**TASK REQUIREMENTS**
Please output exactly the lines from the one that holds "NIERUCHOMOŚCI NABYTE LUB" through the final line of the data, and nothing else; leave out any pictures.

BEGIN EXERCISE DATA

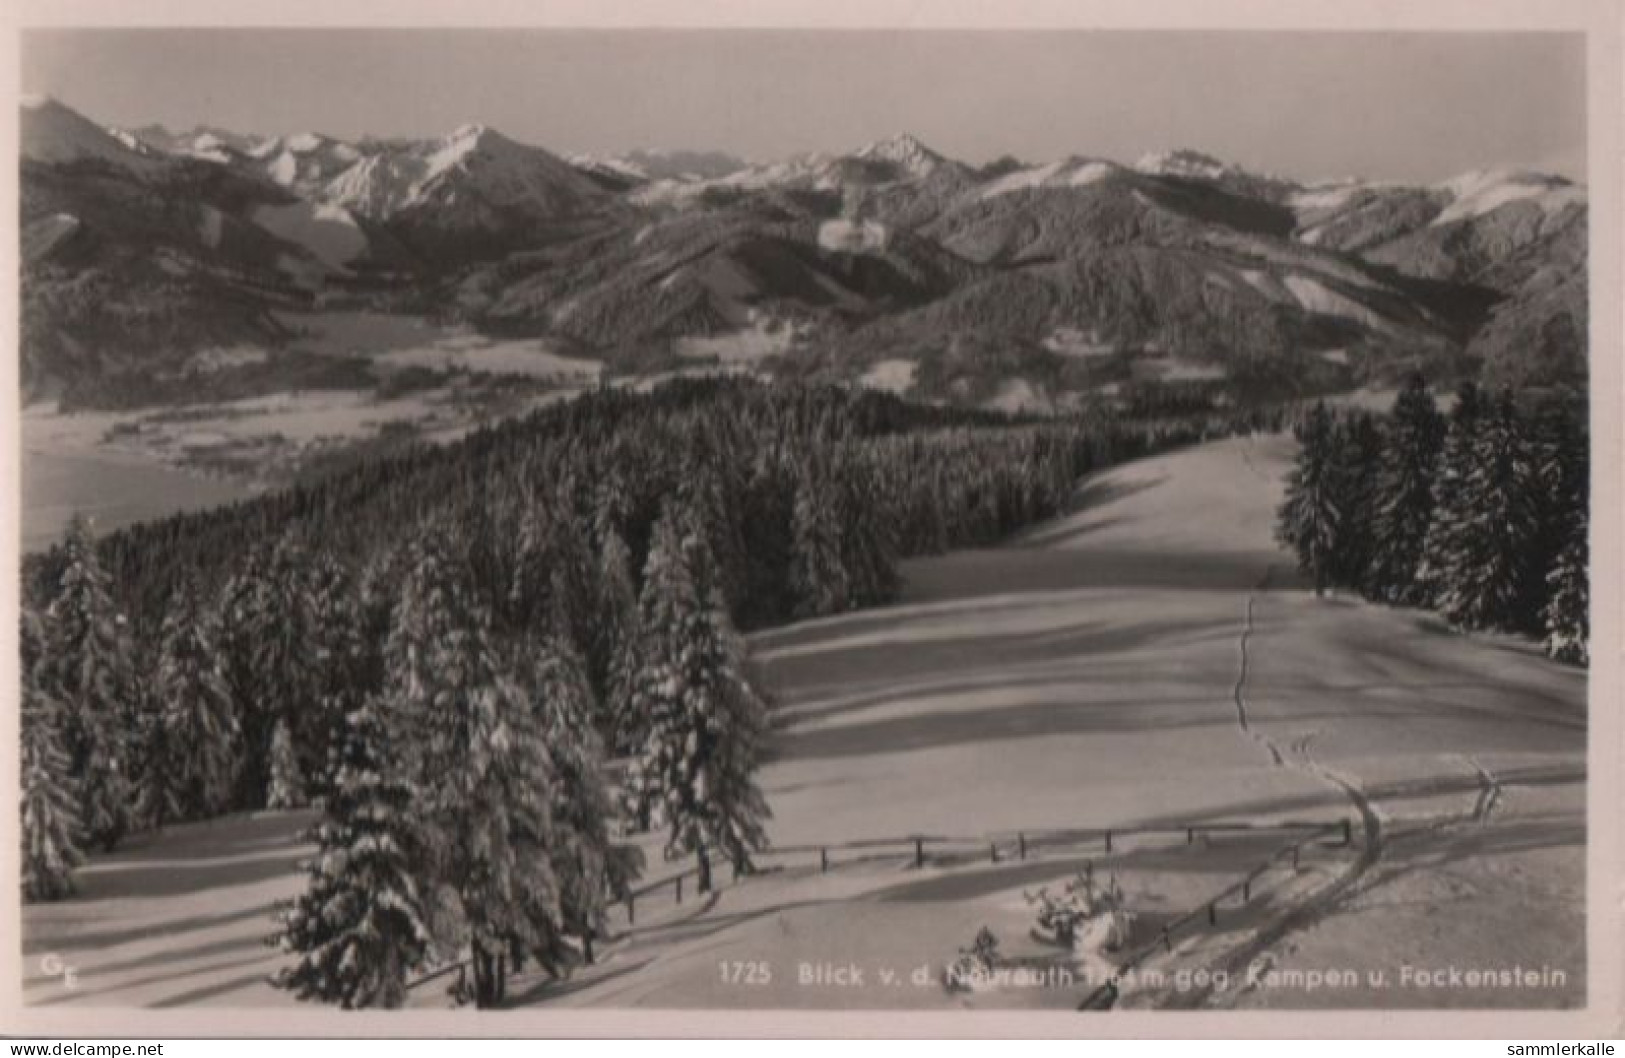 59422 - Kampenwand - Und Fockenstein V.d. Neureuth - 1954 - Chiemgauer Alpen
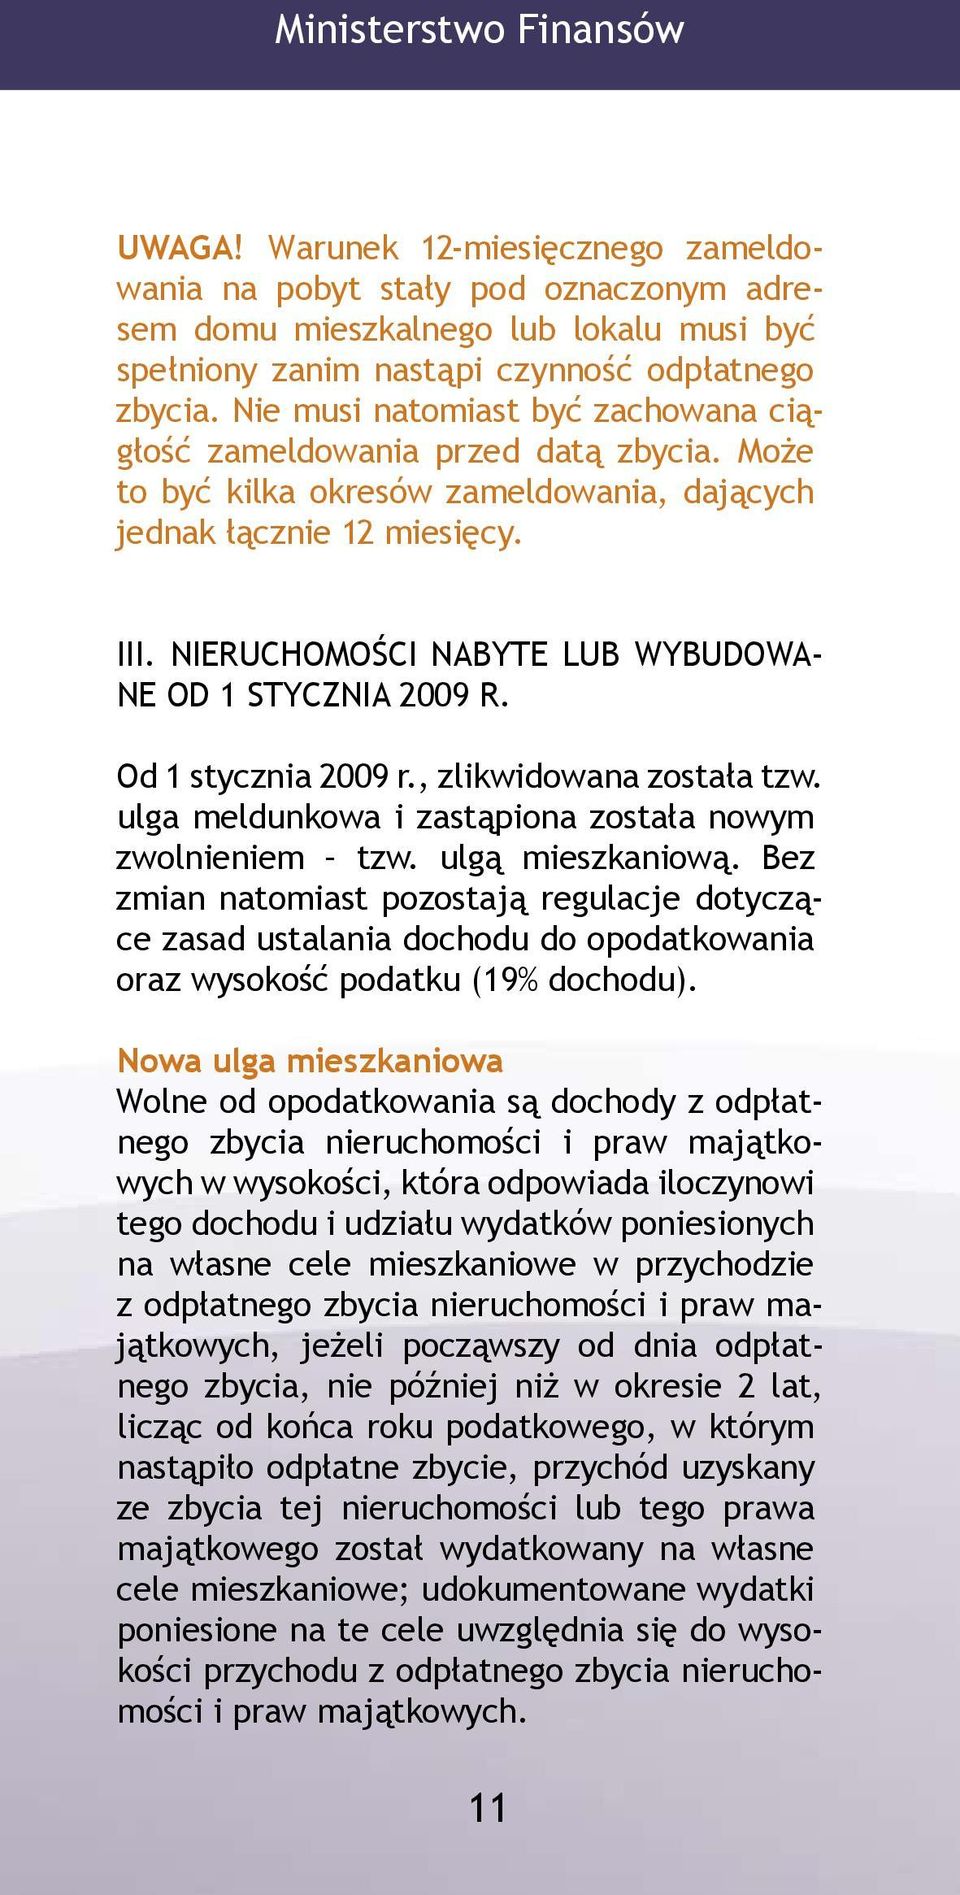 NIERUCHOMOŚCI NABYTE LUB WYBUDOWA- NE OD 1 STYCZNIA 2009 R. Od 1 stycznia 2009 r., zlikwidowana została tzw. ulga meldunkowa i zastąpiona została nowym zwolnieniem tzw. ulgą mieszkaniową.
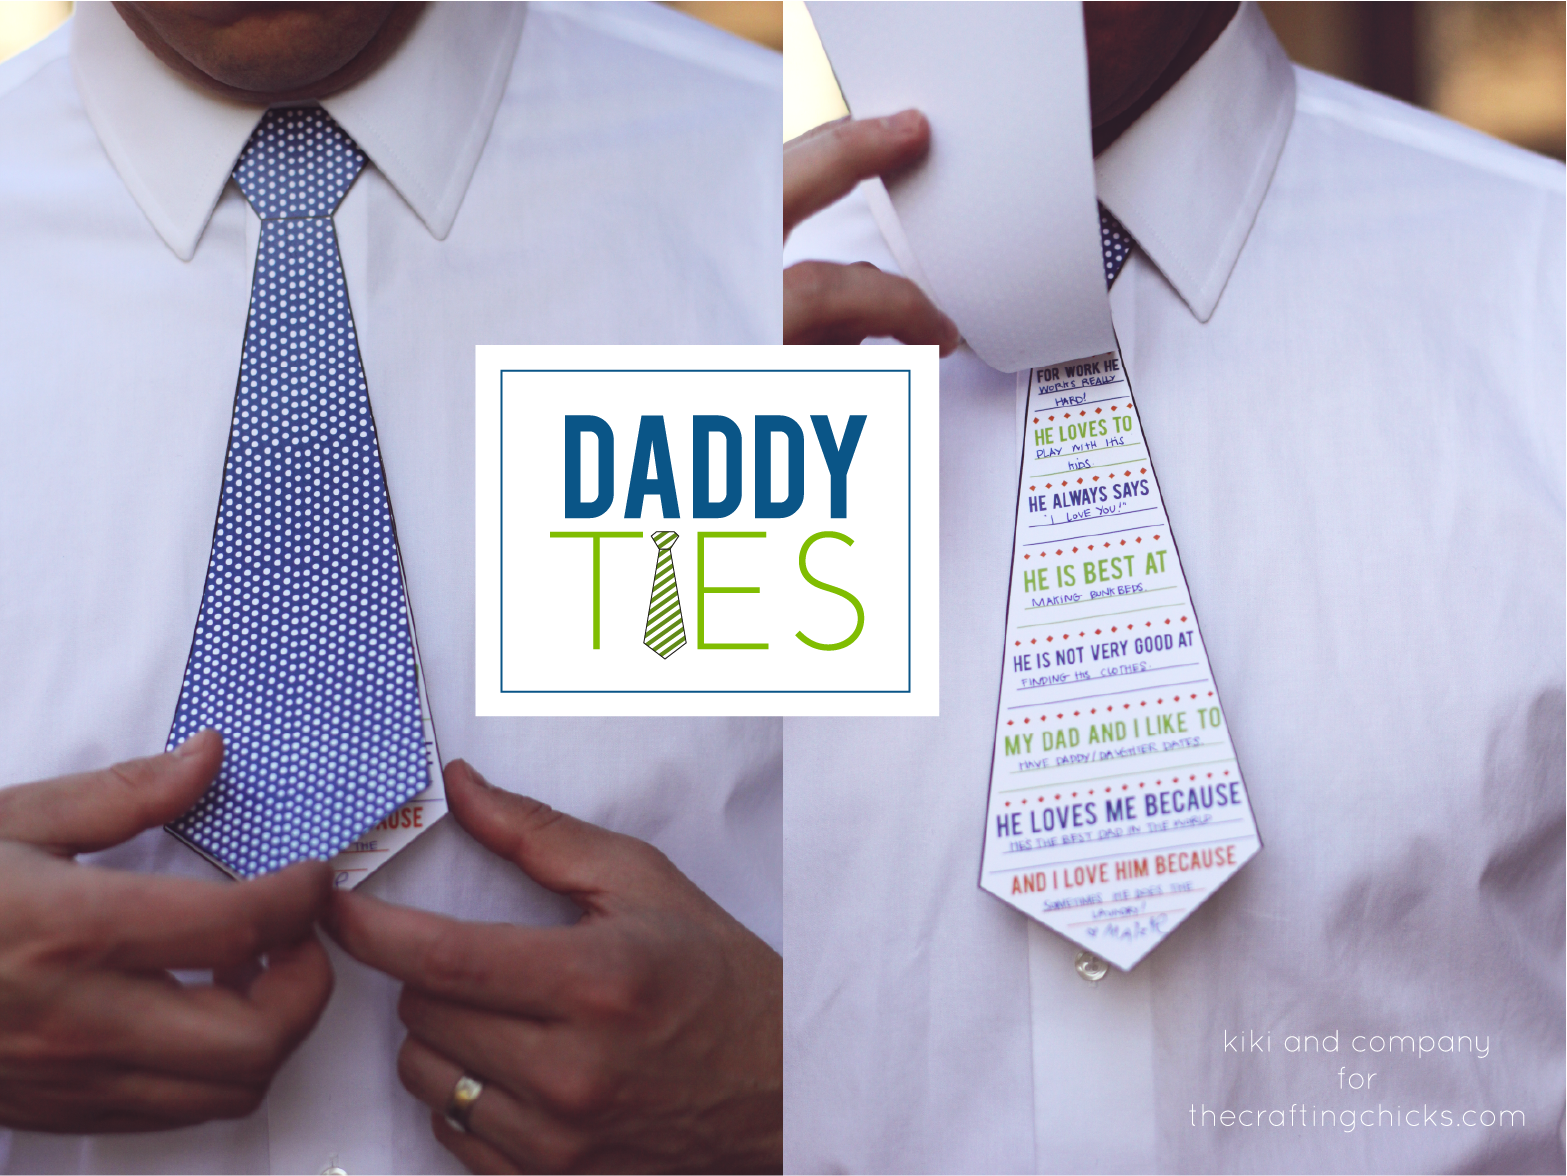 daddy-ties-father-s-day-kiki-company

END EXERCISE DATA

**OUTPUT OF THE TASK**
 NIERUCHOMOŚCI NABYTE LUB WYBUDOWA- NE OD 1 STYCZNIA 2009 R. Od 1 stycznia 2009 r., zlikwidowana została tzw. ulga meldunkowa i zastąpiona została nowym zwolnieniem tzw. ulgą mieszkaniową.
 daddy-ties-father-s-day-kiki-company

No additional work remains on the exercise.